MFB –  Como sugerido no ensaio da vossa peça, “é através de interfaces e montagens que o conhecimento pode exercer o controlo da natureza, mas é também através delas que temos acesso ao mundo natural, como sistema e como recurso”. Como concebem uma realidade onde os dados têm o mundo natural como recurso? Será que, desta forma, devemos transmutar o natural para o artificial?

CB – O segmento no nosso ensaio refere-se ao poder de aprender e compreender a natureza. Isto deverá ser usado para preservar, manter este mundo e escolher um caminho mais sustentável. Mas o poder é algo perigoso.

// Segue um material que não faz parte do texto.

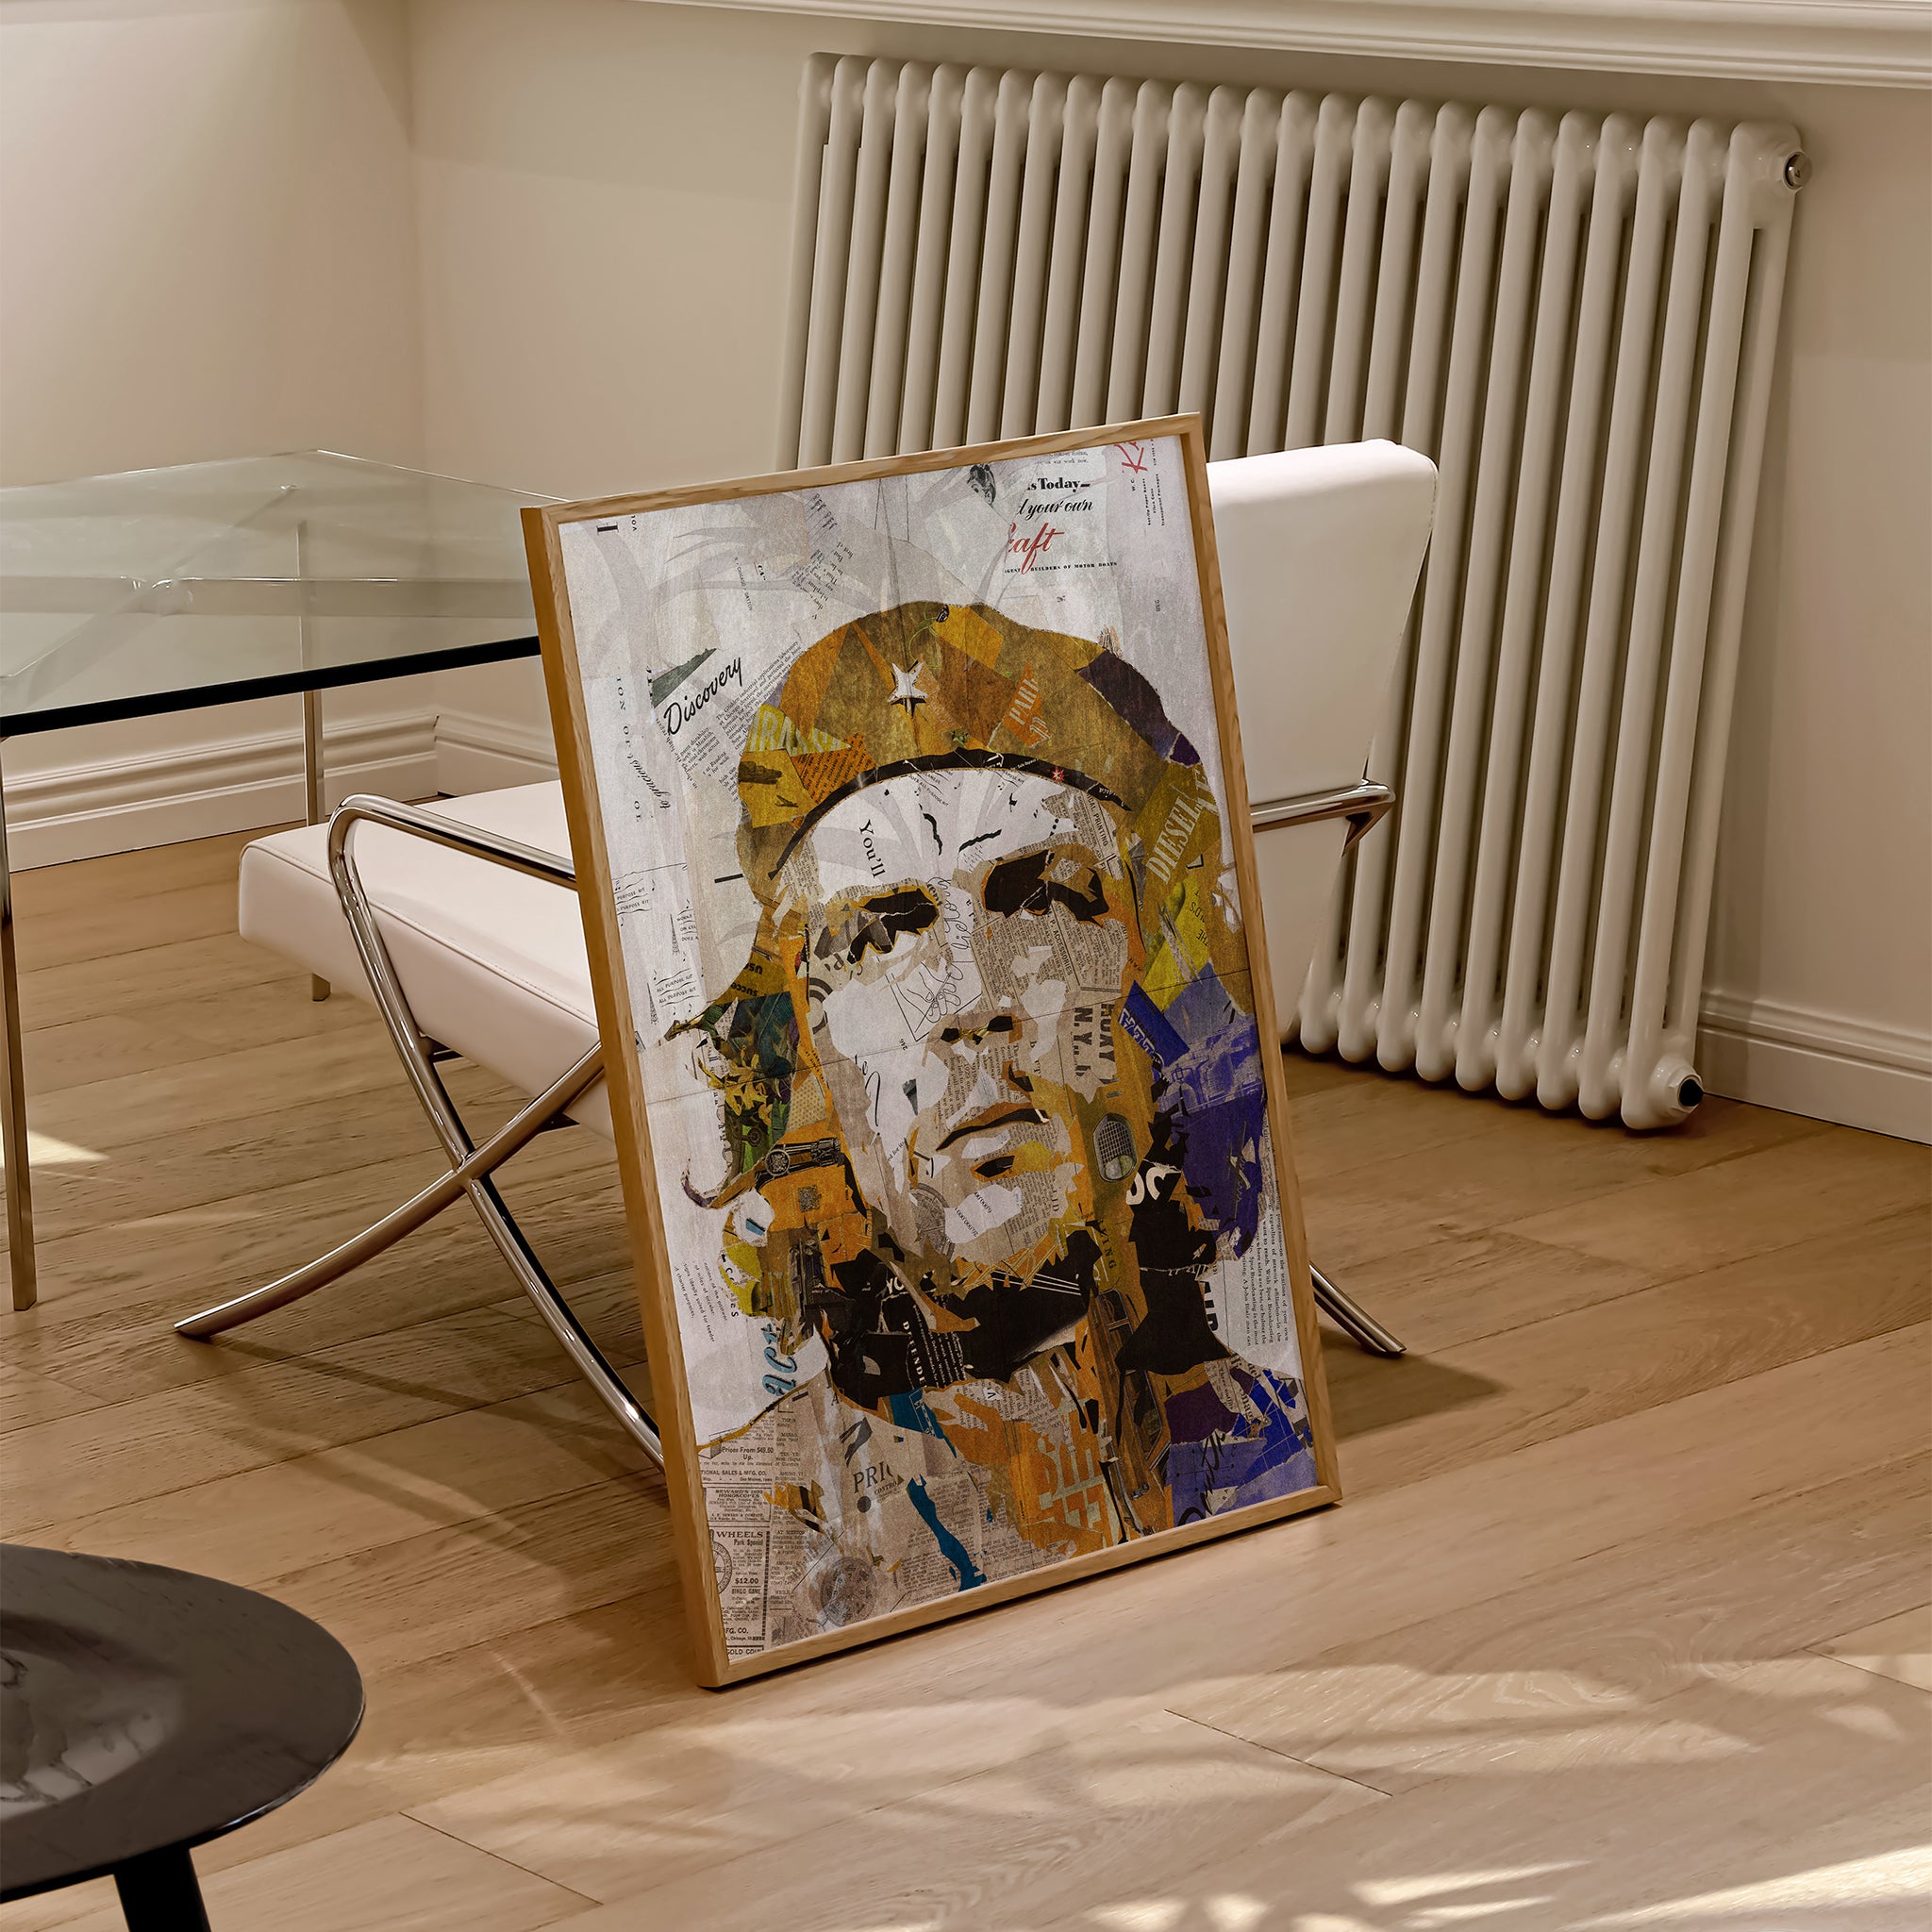 Be inspired by our iconic collage portrait art print of Che Guevara. This artwork was printed using the giclée process on archival acid-free paper and is presented in a natural oak frame, capturing its timeless beauty in every detail.
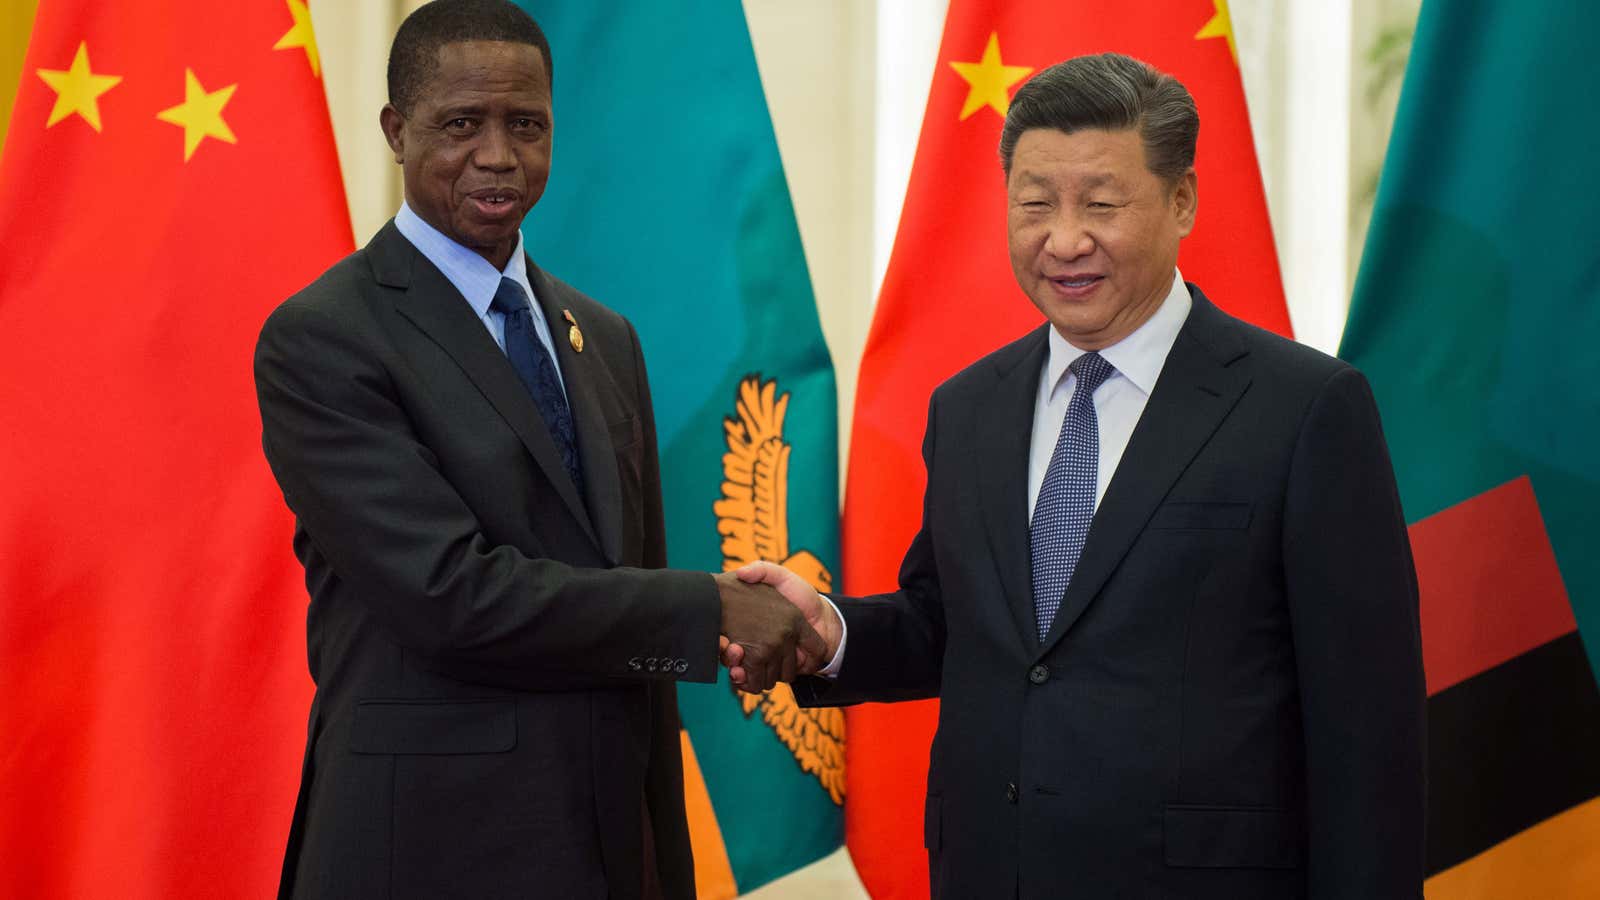 Zambia’s President Edgar Lungu with China’s President Xi Jinping in Beijing, China Sept 1, 2018.

Através da nossa instalação, tentámos conceber uma nova forma de entender a nossa relação com a natureza. Sentimos este desejo de sair do nosso estúdio e estudar sistemas negligenciados, à espera de serem destruídos para a construção de um novo hotel. Este tipo de natureza esquecida, que cresce nesta espécie de limbo em terrenos urbanos abandonados, fala também deste novo tempo, o Antropoceno, onde a espécie humana substitui a natureza e a força mais predominante no mundo. Por esta altura, já todos desconectam o homem da natureza, o que consideramos interessante, pois somos também parte da natureza, mas o nosso crescente conhecimento desenvolveu formas artificiais e aumentadas de viver e interagir.

Myles Francis é jornalista e escritor de arte. Nascido em Londres, vive agora em Lisboa. Já trabalhou para publicações como Nicotine, TANK e Vogue Portugal. Atualmente escreve para a Umbigo Magazine.